(DATASET SECTION)
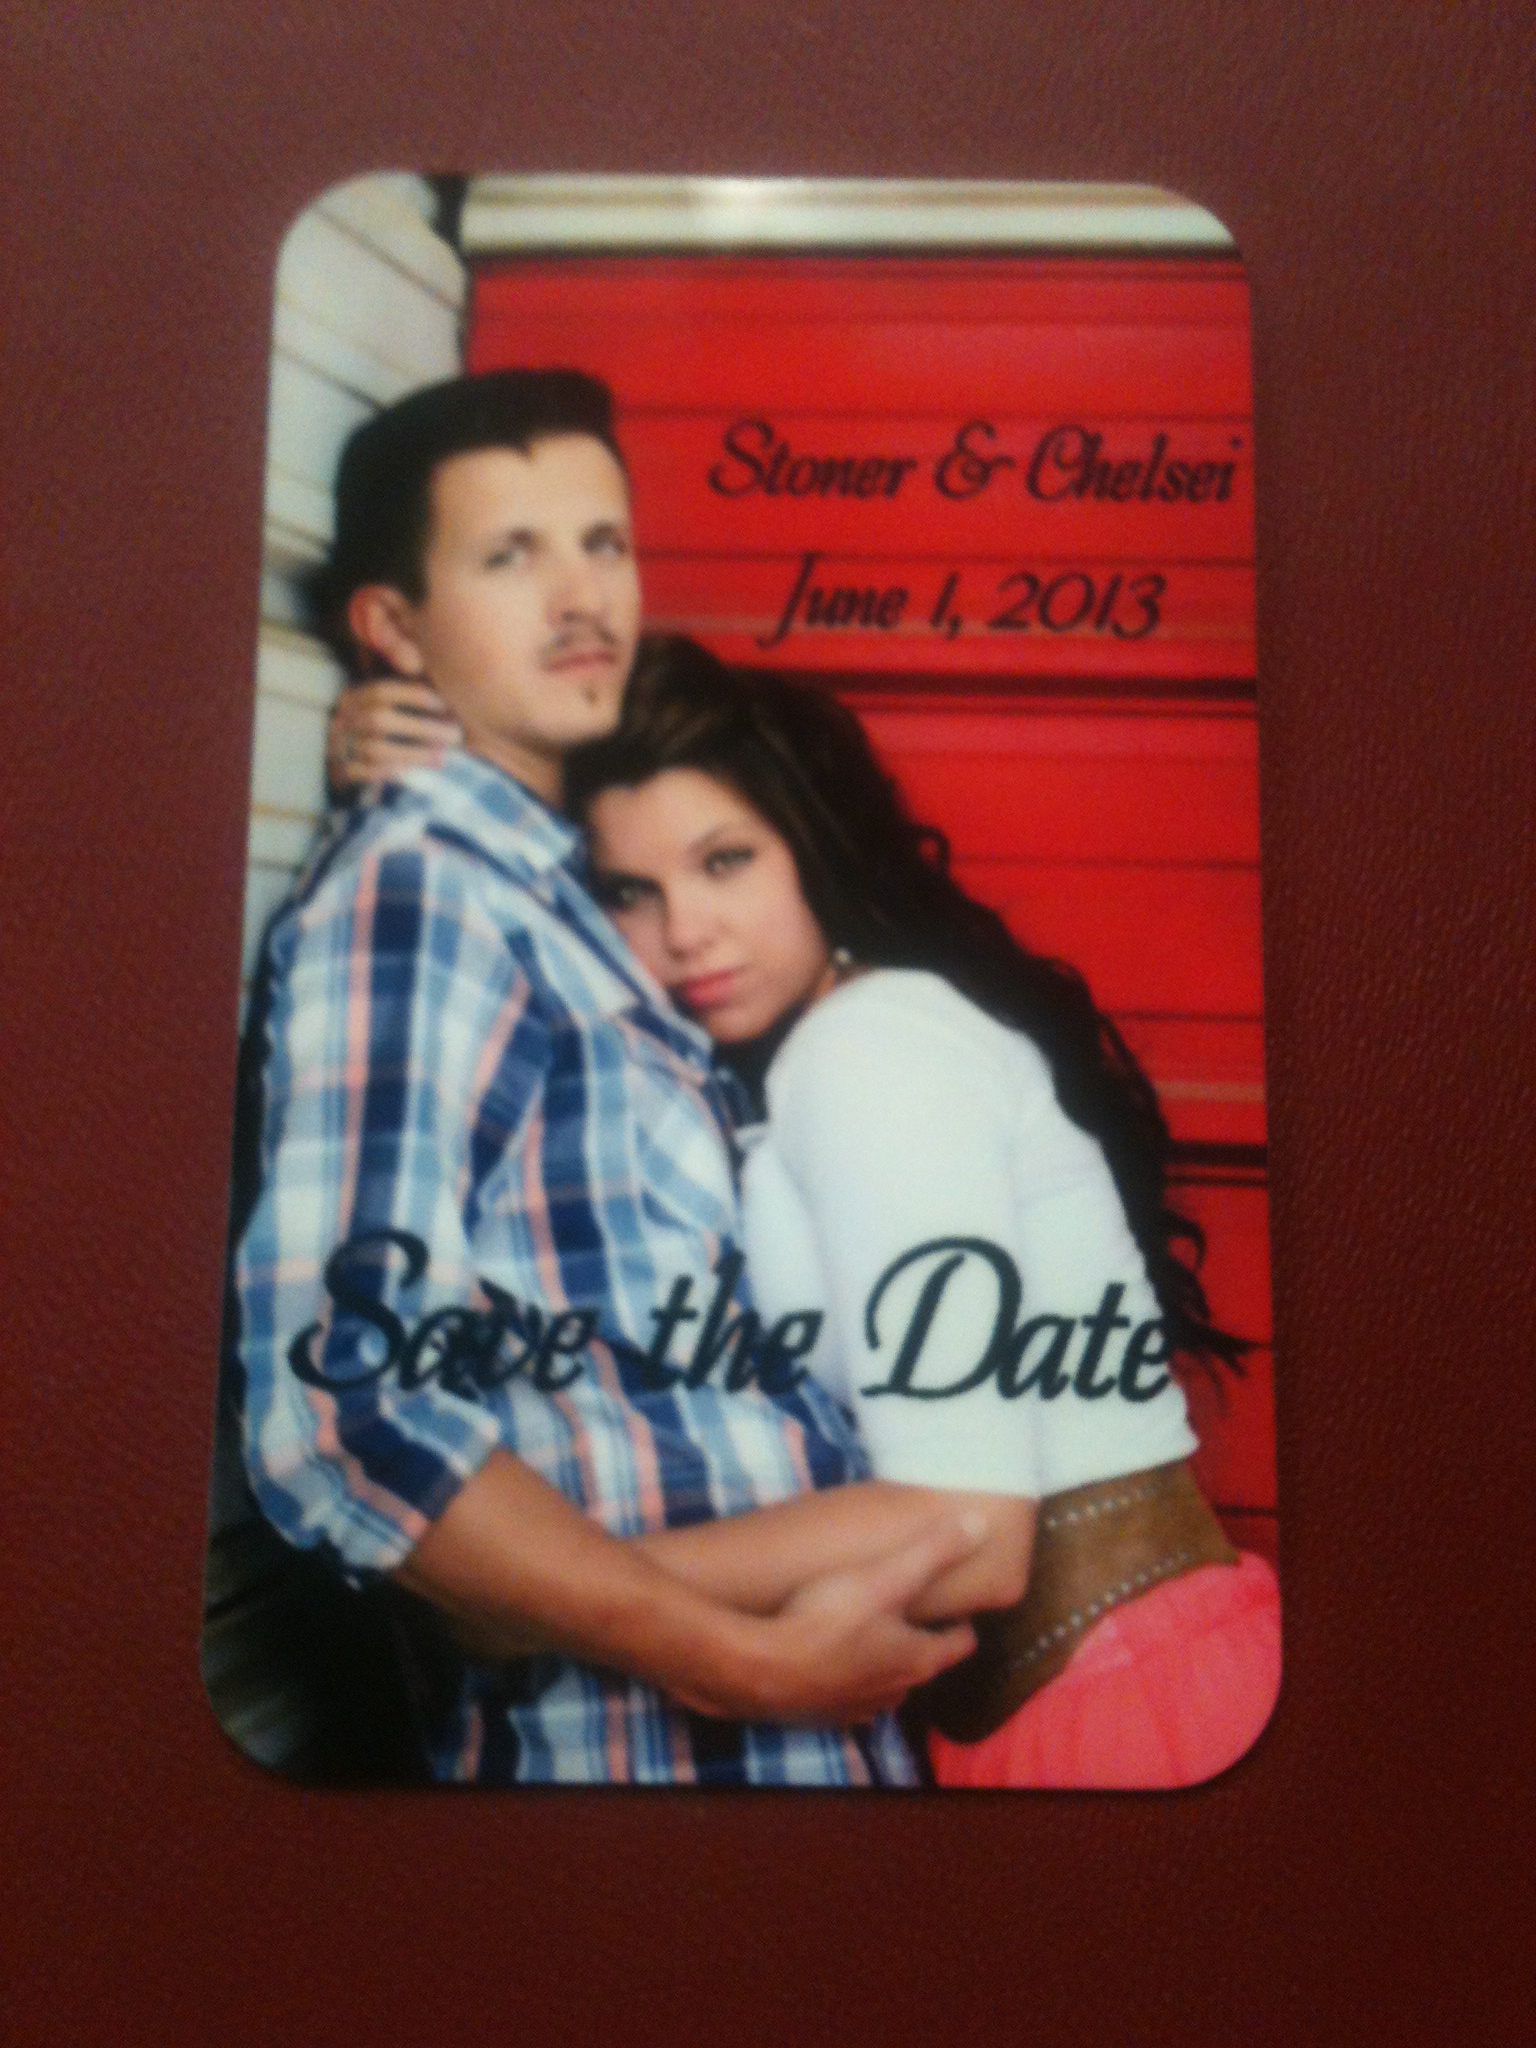 Save the Date made with sublimation printing
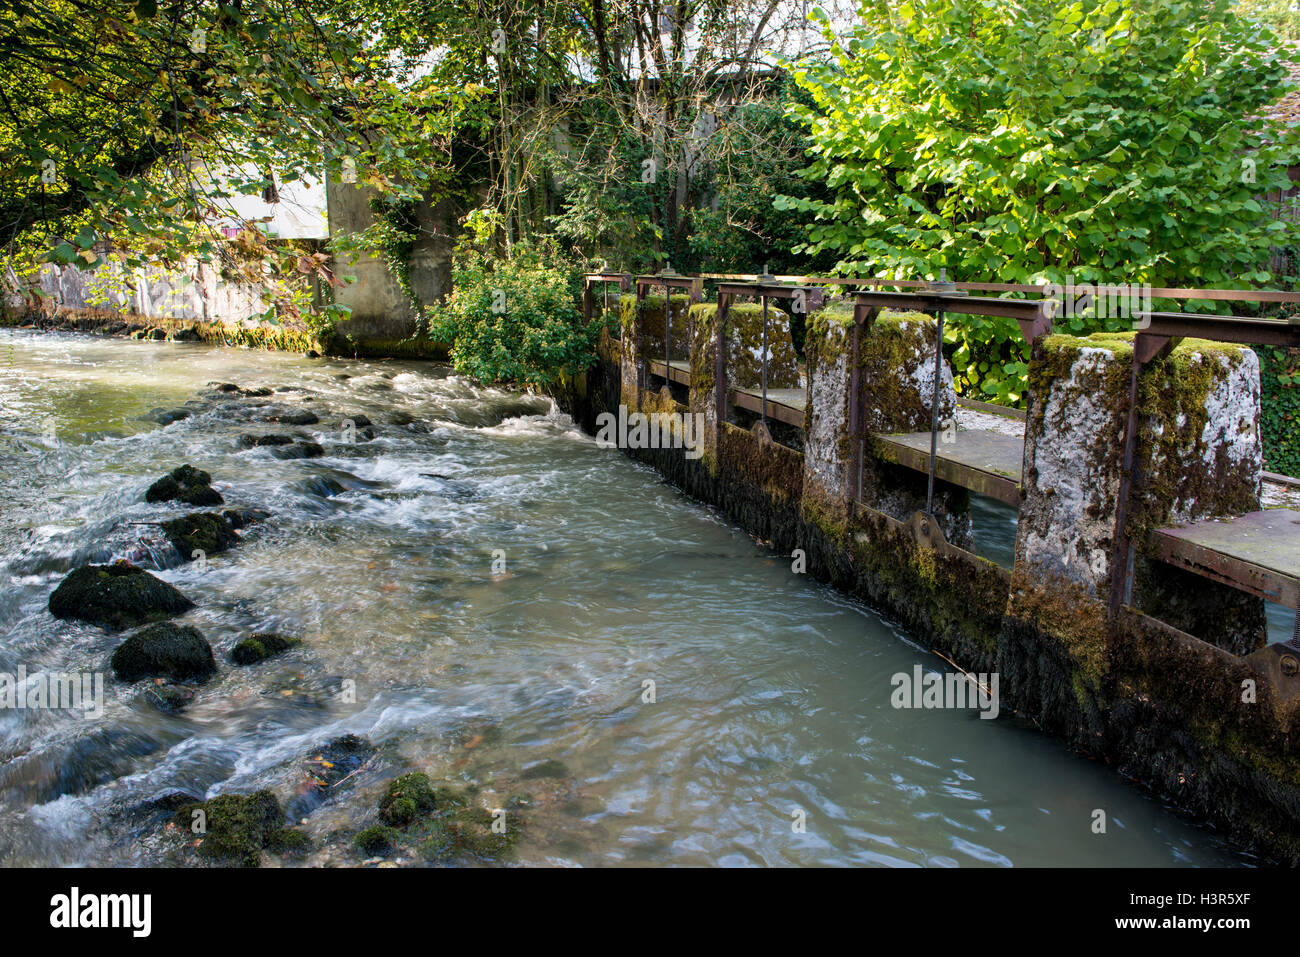 Gated weir, Divonne Les Bains, Ain dipartimento in Francia orientale Foto Stock
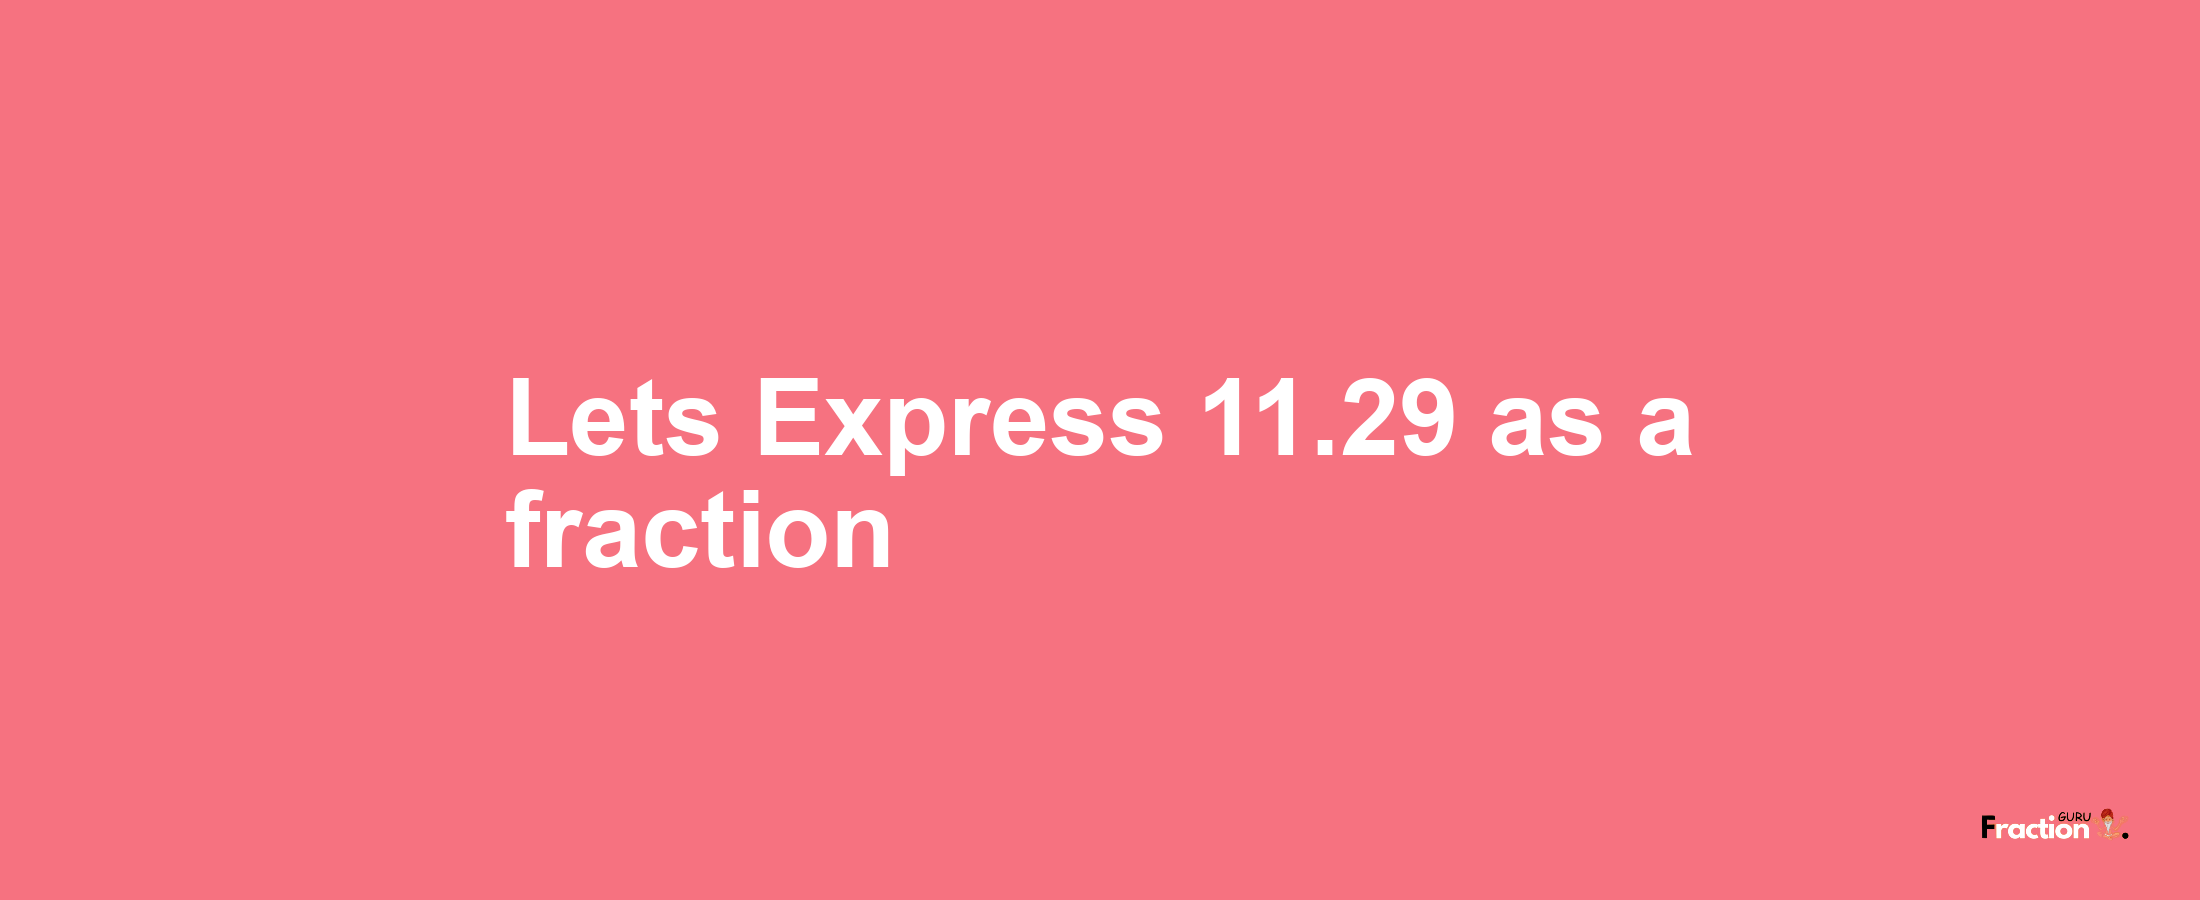 Lets Express 11.29 as afraction

(YOUR ASSIGNMENT) Exclude the images and output the lines above exactly.

(OUTPUT OF THE TASK)
 Save the Date made with sublimation printing
 Gated weir, Divonne Les Bains, Ain dipartimento in Francia orientale Foto Stock
 Lets Express 11.29 as afraction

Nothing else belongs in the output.